A particularly lethal asbestos

Penetrating: The type of asbestos inhaled in Libby, Mont., consists of long, thin fibers that the body's defense mechanisms can't repel.

February 09, 2005|By Jonathan Bor | Jonathan Bor,SUN STAFF

The asbestos inhaled by residents of Libby, Mont., was never good for much - not for strengthening concrete, soundproofing buildings or insulating boilers, brake pads or clutches.

But if someone were to design an asbestos fiber that stood a good chance of triggering cancers and respiratory disorders, experts say, he could hardly have done better.

Nature made six types of asbestos, magnesium silicates that exist in nature as bundles of tiny fibers that can fray or be picked apart. The kind that occurred in the W.R. Grace & Co. vermiculite mine is known as tremolite, but not all tremolite is created equal.

Dr. Victor L. Roggli, a Duke University pathologist who studies asbestos-related illnesses, said Libby's tremolite was distinguished by its long, slender fibers, which make it particularly dangerous.

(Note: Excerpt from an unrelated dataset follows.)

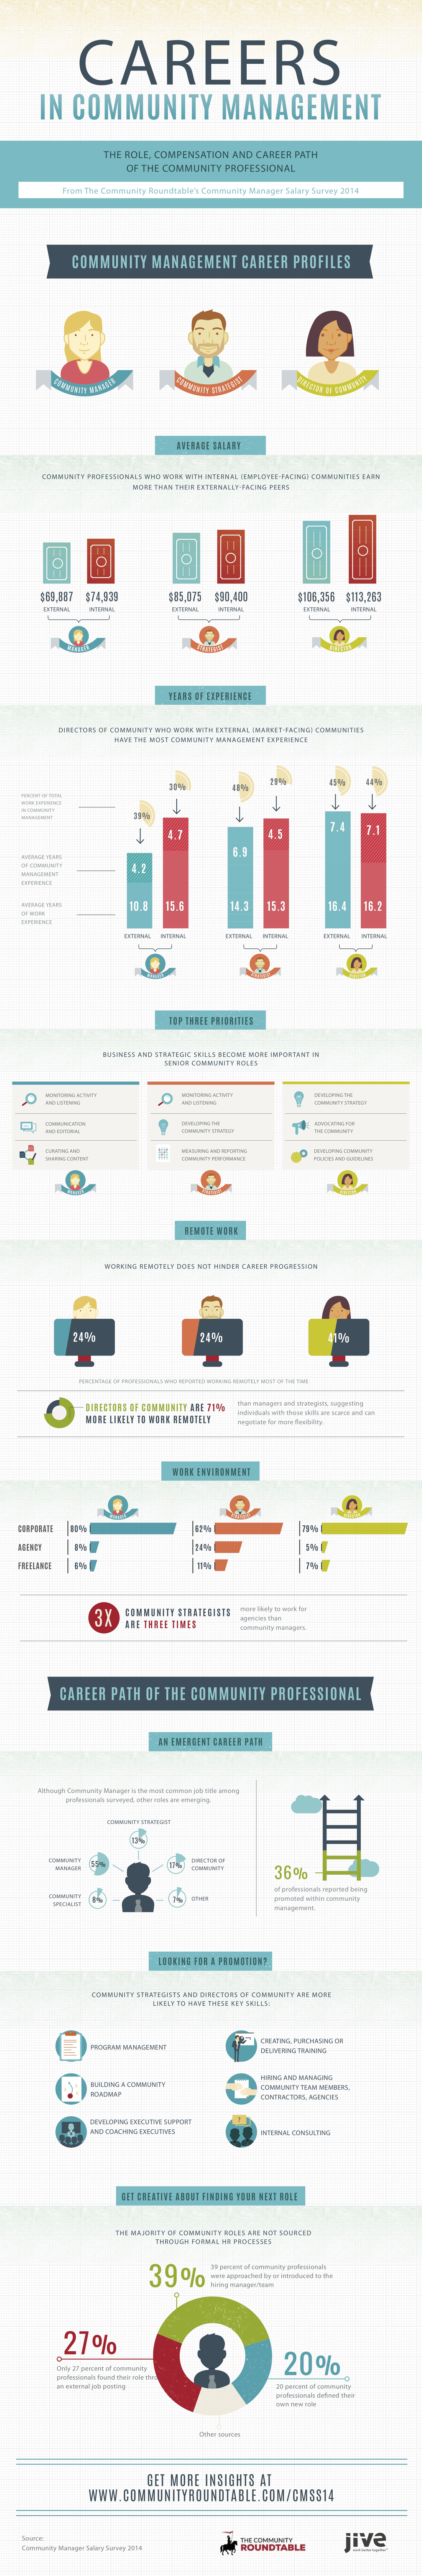 Careers In Community Management

"The thinness of the fiber is important for it to be able to penetrate deep into the lungs, the lining of the lung and even the abdominal cavity," said Roggli, co-editor of Pathology of Asbestos-Associated Diseases.

"And the length is important, too. There are a number of studies showing that the body's defense mechanism can't get rid of long fibers. Once they are stuck in the lungs, they are stuck for a long time, decades."

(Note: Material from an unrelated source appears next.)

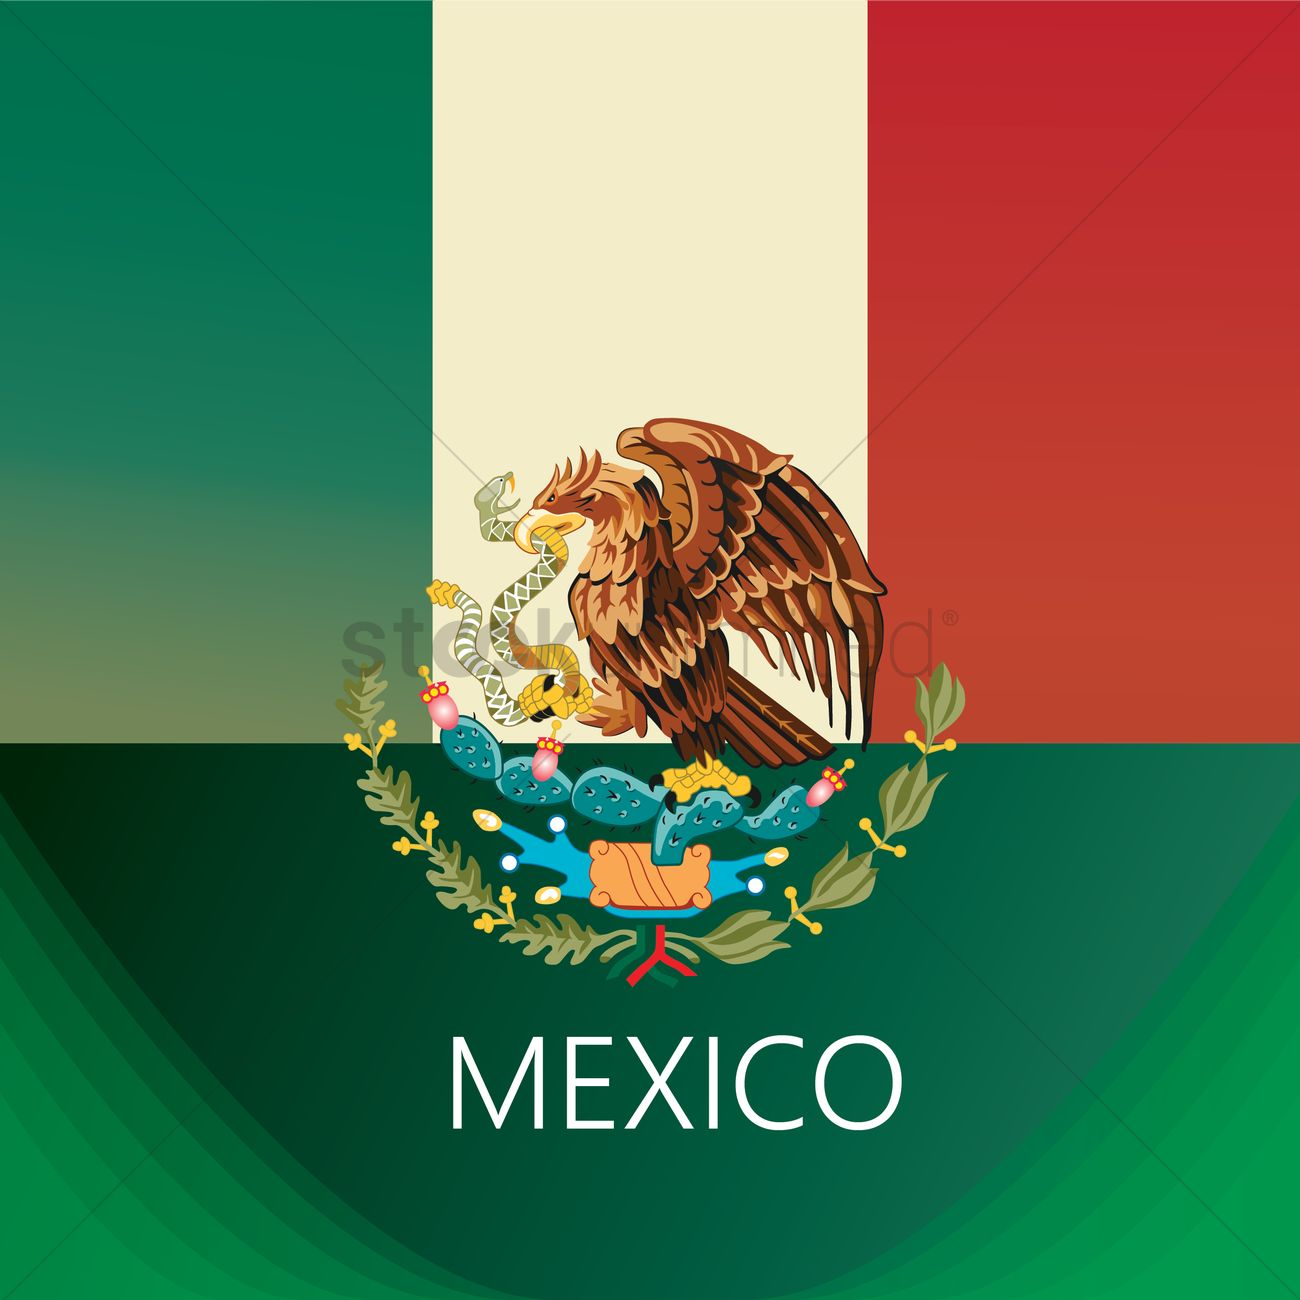 mexico flag background_1582280

Miners weren't the only ones who developed asbestos-related problems, according to the Justice Department, which obtained indictments against the company and seven people.

Seventy percent of those afflicted never worked in the mine but might have been exposed by breathing the thick dust that settled over the town and came home in workers' clothing.

Asbestos can cause ailments including mesothelioma, a lethal tumor of the lining of the chest and abdominal cavities; asbestosis, a widespread scarring of the lungs; and lung cancer.

"Typically, asbestosis takes decades of exposure at pretty high levels [among people] working with asbestos," said Roggli. In contrast, mesothelioma can be triggered by short-term contact, and though it is very rare, it is generally incurable.

Though asbestos is most dangerous in mines and indoor environments, where it can deliver a concentrated dose to the lungs, it occasionally causes problems outdoors.

Roggli said he diagnosed lung cancer and scarring in a man who had played on a pile of tremolite tailings as a child outside a vermiculite-processing plant in Minnesota. The man died at age 42, two decades after he had last played on the tailings.

Gayla Benefield, a community activist in Libby, said a few people in the town have mesothelioma and that a far greater number have scarred, thickened lungs. Benefield said she lost her father to asbestosis and a brother-in-law to mesothelioma. She has scarred lungs.

Though tremolite tends to occur alongside vermiculite in natural formations, it isn't always hazardous. At a vermiculite mine in South Carolina, tremolite of the short, stubby variety has posed little hazard, Roggli said.

Working in shipyards left a legacy of lung disease for thousands who toiled in the confined spaces of engines and boiler rooms. Most were exposed to amosite, a straight, splintery asbestos used in building materials.

A bluish asbestos, crocidolite, was widely used to reinforce concrete. It, too, can be harmful if inhaled but has caused far less disease because fewer people were exposed to it, Roggli said.